Кейт. Как дровосек, описанный Кольриджем, который с таким благоговением созерцал подобное явление, когда он
Sees full before him gliding without tread
An image with a glory round its head,
This shade he worships for its golden hues,
And makes (not knowing) that which he pursues.
Атертон. Таким был бог многих мистиков. Он воспарит над средствами, опытом, историей, внешним откровением и закончит тем, что примет туманный отблеск собственного образа за Божество.
Гауэр. Но мы не должны забывать, что, согласно Плотину, всякое чувство личности утрачивается во время экстаза, и он рассматривал бы любой свет или форму (представленные тому, что можно назвать его церебральным зрением) как знак того, что транс еще не завершен. Он жаждет ускользнуть от всего, что может быть различимо, ограничено или изображено, в безграничную пустоту.
Атертон. Совершенно верно. И именно эта крайность отрицания и абстракции, которой примечателен Плотин, делает его единственным, ради кого стоит так много говорить. Его философия и философия его преемников, ошибочно принятая за платонизм, должна была развратить христианскую церковь. В течение сотен лет будет существовать череда прелатов, священников или монахов, в чьих глазах холодные утонченности Плотина будут практически, хотя и не признанно, рассматриваться как представляющие Бога гораздо достойнее, чем великая простота и выразительная образность языка Писания.

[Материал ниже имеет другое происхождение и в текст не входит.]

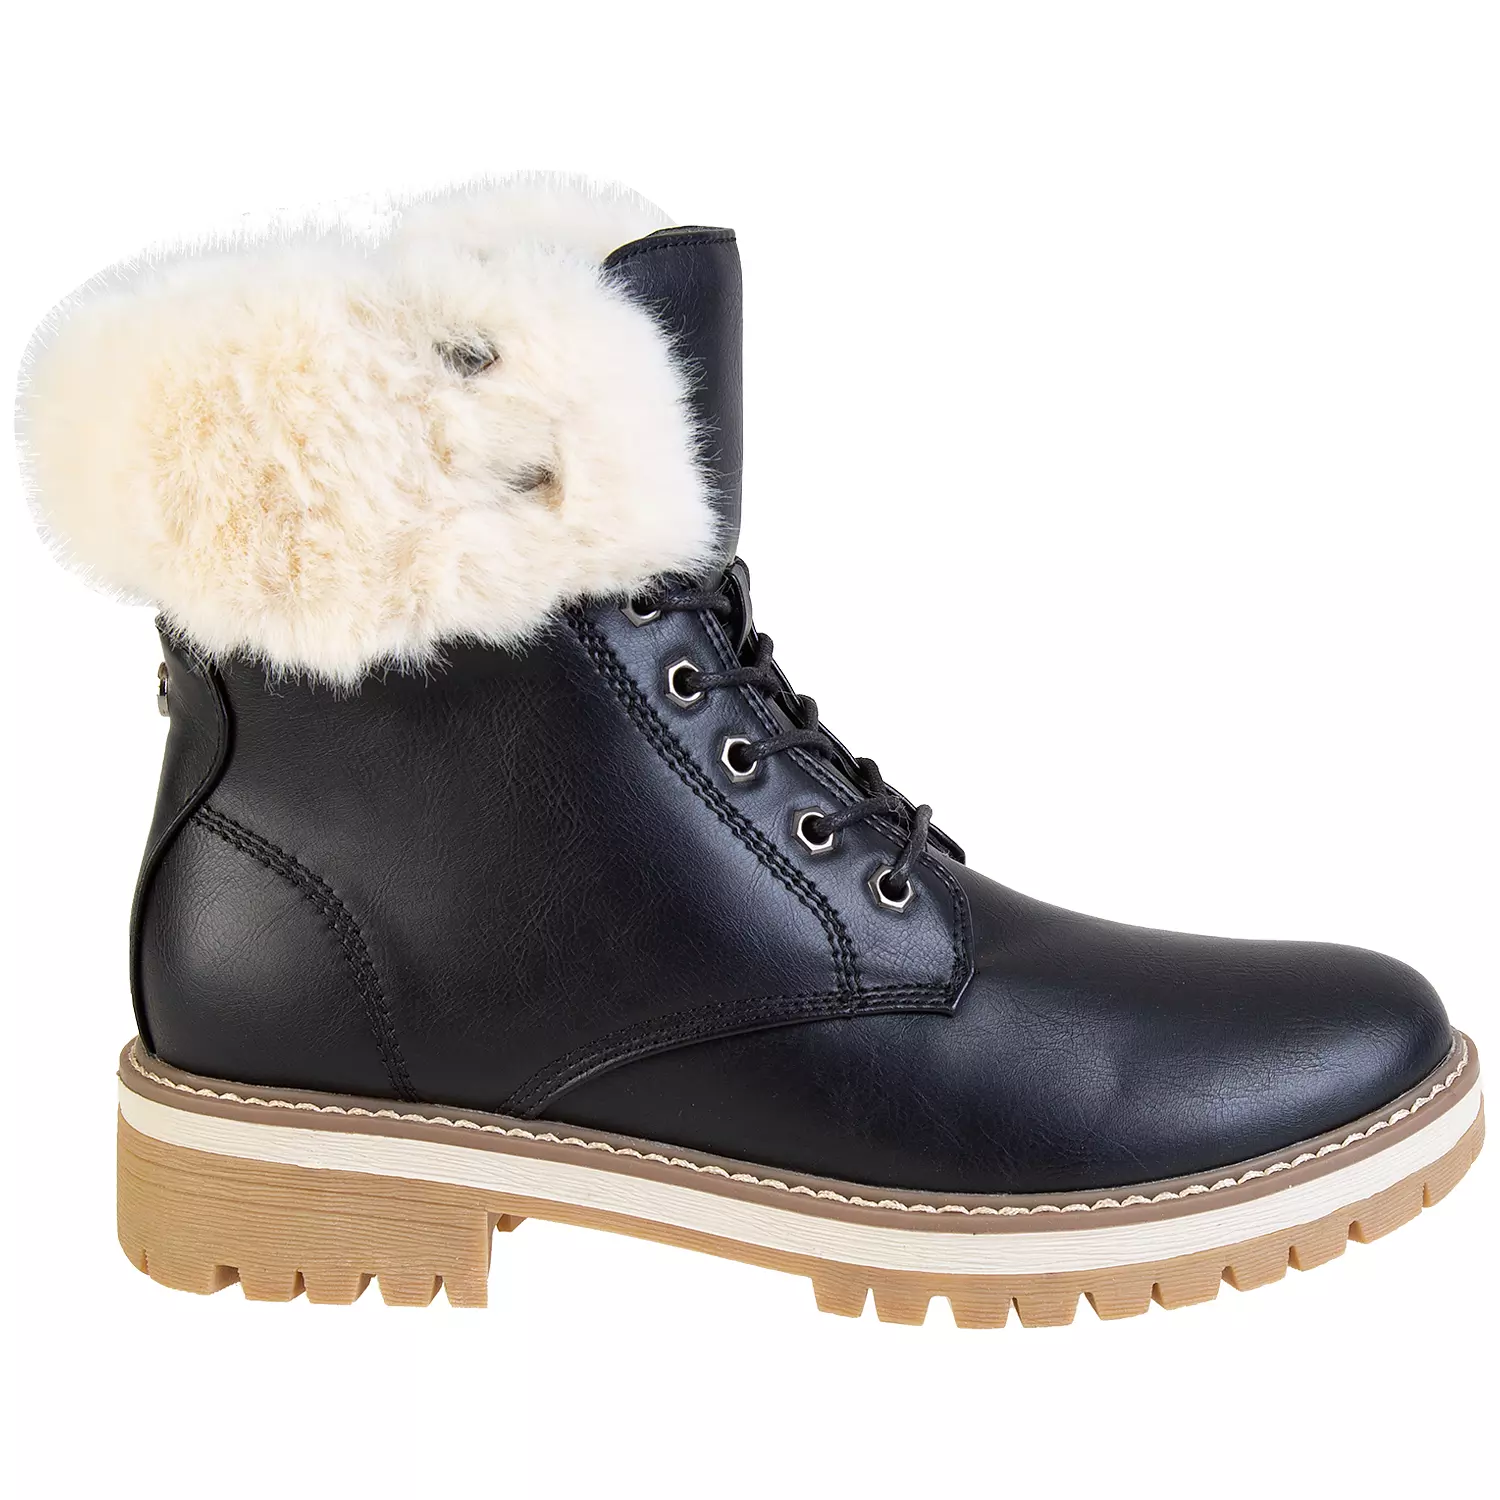 Lace-up faux fur trim fashion combat boots, black, size 9

Ибо вместо Бога христиан будет подставлен тот возвышенный шифр, придуманный Плотином — то пустое нечто, о котором нельзя сказать, что оно существует, ибо оно выше существования.

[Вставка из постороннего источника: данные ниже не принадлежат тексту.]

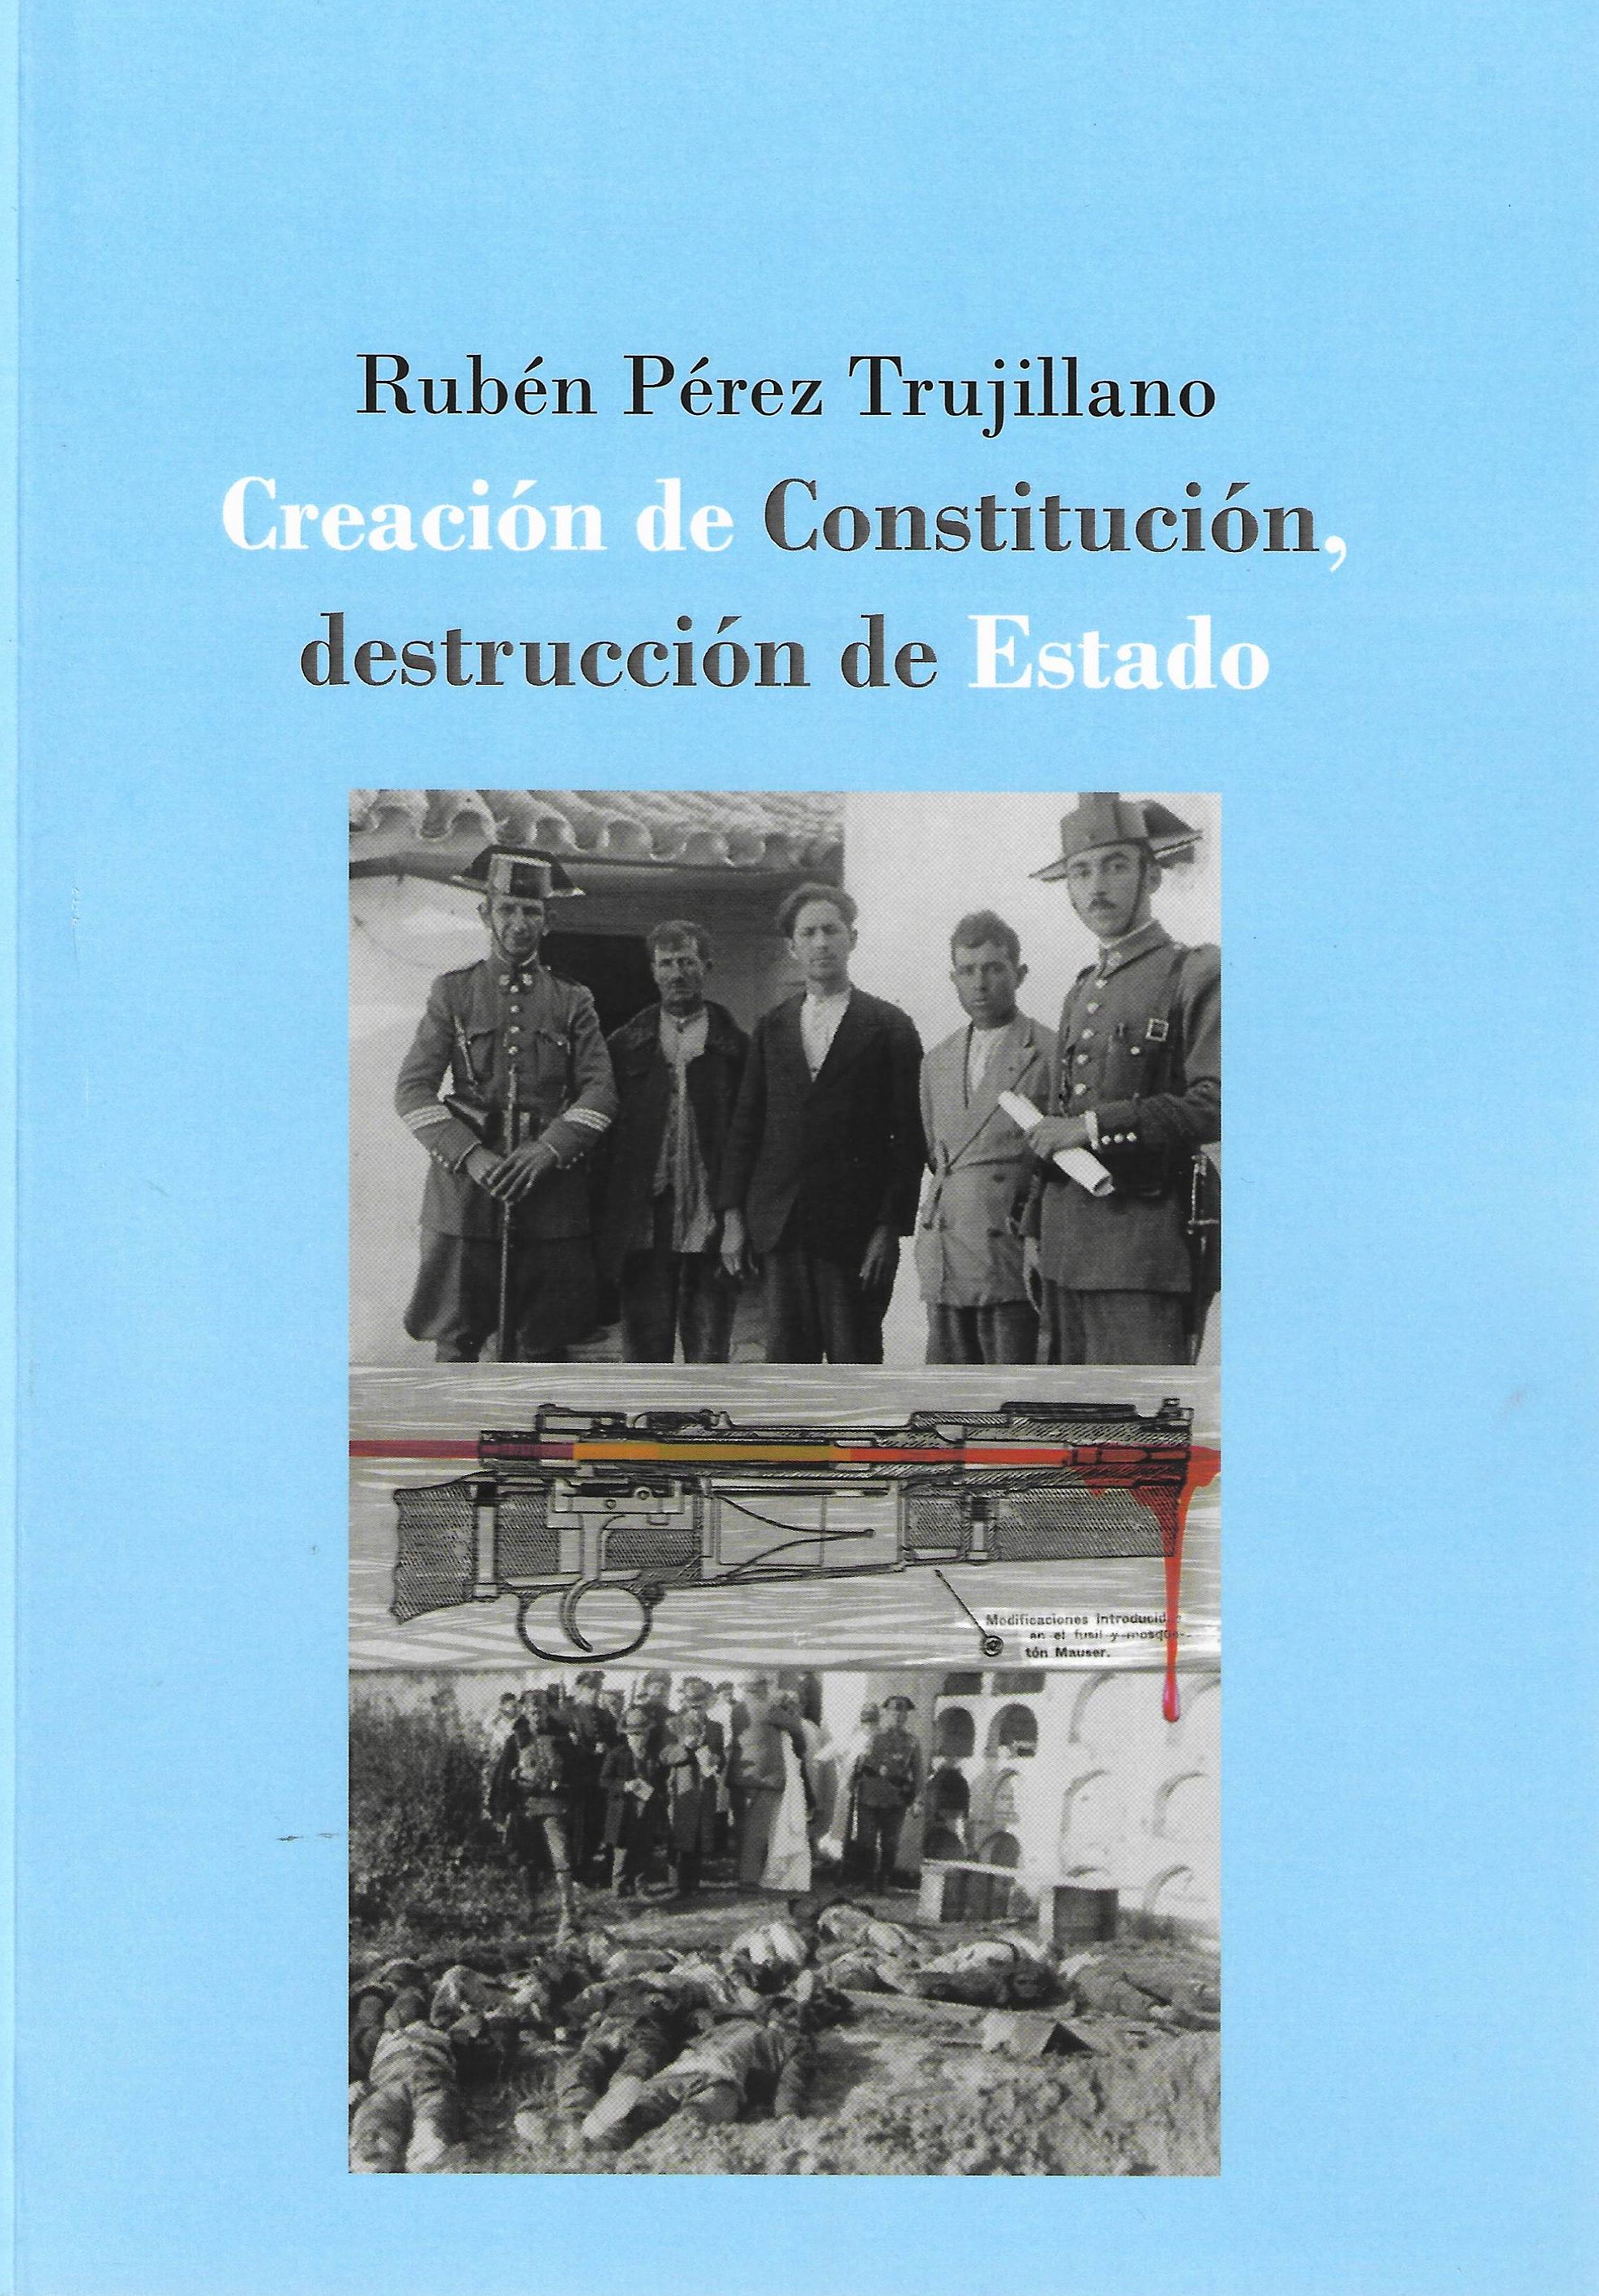 Imagen de portada del libro Creación de Constitución, destrucción de Estado

Подождите момент — позвольте мне перебрать четки и попытаться пересчитать доктрины, с которыми мы будем снова и снова встречаться в тех формах христианского мистицизма, где преобладает неоплатонический элемент — зародыши всего этого лежат в Плотине.

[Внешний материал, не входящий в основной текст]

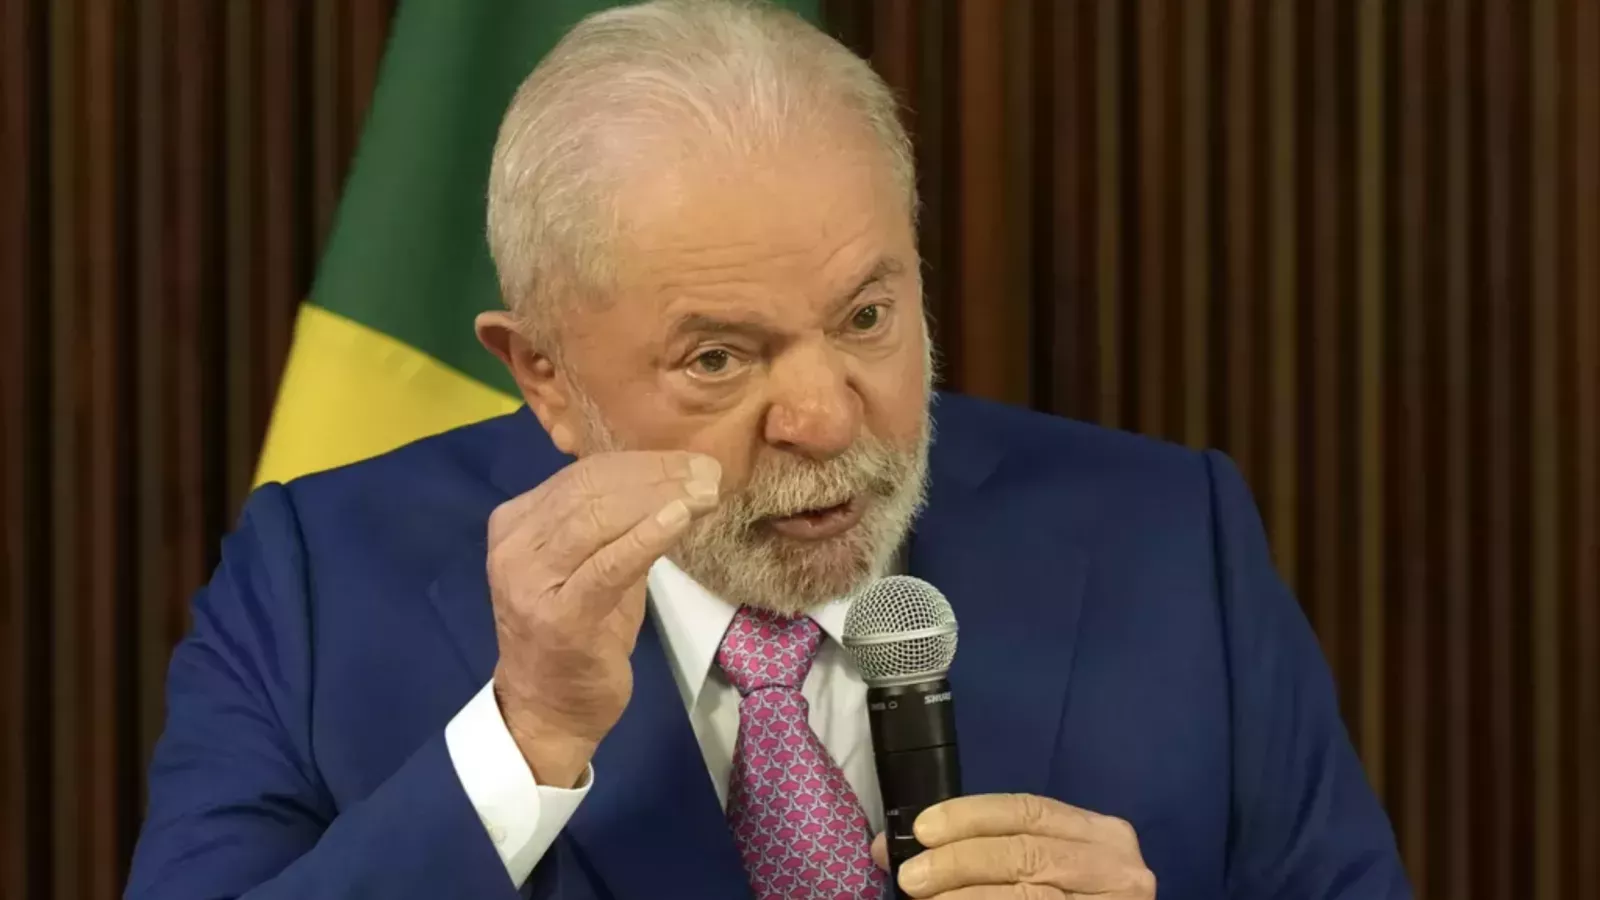 El gobierno de Lula adopta un pronombre neutro en los actos oficiales

Существует, прежде всего, принцип отрицания; что все так называемые проявления и откровения Бога на самом деле скрывают его; что никакой аффирматив не может быть предикатирован о нем, потому что он выше всех наших позитивных концепций; что все символы, фигуры, медиумы, частичные представления должны быть полностью отброшены, потому что, будучи конечными, они бесконечно не дотягивают до Бесконечного.
Здесь мы погружены ниже человечности — наше знание состоит в невежестве — наше видение во тьме.
Следующий шаг мгновенно поднимает нас от этого унизительного ограничения к Божеству — «ставит ноги наши на пространном месте», как выражались поздние мистики — даже в бесконечность, и на время отождествляет нас с Богом.
Поскольку частичный конечный способ познания Бога столь никчемен, чтобы познать его истинно, мы должны ускользнуть от конечного, от всех процессов, всех медиумов, от самих даров Божьих к самому Богу, и познать его непосредственно, полностью, бесконечным способом — принимая или будучи принятыми в него напрямую.
Чтобы достичь этого тождества, в котором, по крайней мере, на краткое время восторга, субъект и объект, познающий и познаваемое, суть одно и то же, мы должны удалиться в свои самые сокровенные «я», в то простое единство нашей собственной сущности, которое по самой своей разреженности способно слиться с тем высшим истончением, называемым Божественной Сущностью. Поступая так, мы ожидаем в пассивности славу, объятия Союза. Отсюда самое сокровенное есть самое высокое — интроверсия есть восхождение, а introrsum ascendere — девиз всех мистиков. Бог обретается внутри, одновременно излучая из глубин души и поглощая ее, когда шелуха личности опадает.
Уиллоуби. И таким образом, средства и способности, данные нам Богом для его познания, должны оставаться неиспользованными.
Атертон. Безусловно; ночь должна пасть на разум, воображение, память — на наши реальные силы — чтобы могла пробудиться воображаемая сила. Это то, что мистики называют поглощением сил в Боге, не оставляя внутри нас ничего естественного, чтобы Бог мог быть подставлен вместо нас, а все операции внутри были сверхъестественными и даже божественными.
Гауэр. Тогда мистицизм — это духовное искусство, посредством которого возможное оставляется ради невозможного — познаваемое ради непознаваемого.
Уиллоуби. Или уловка, скажем, для достижения Божественности, которая реализует лишь оцепенение.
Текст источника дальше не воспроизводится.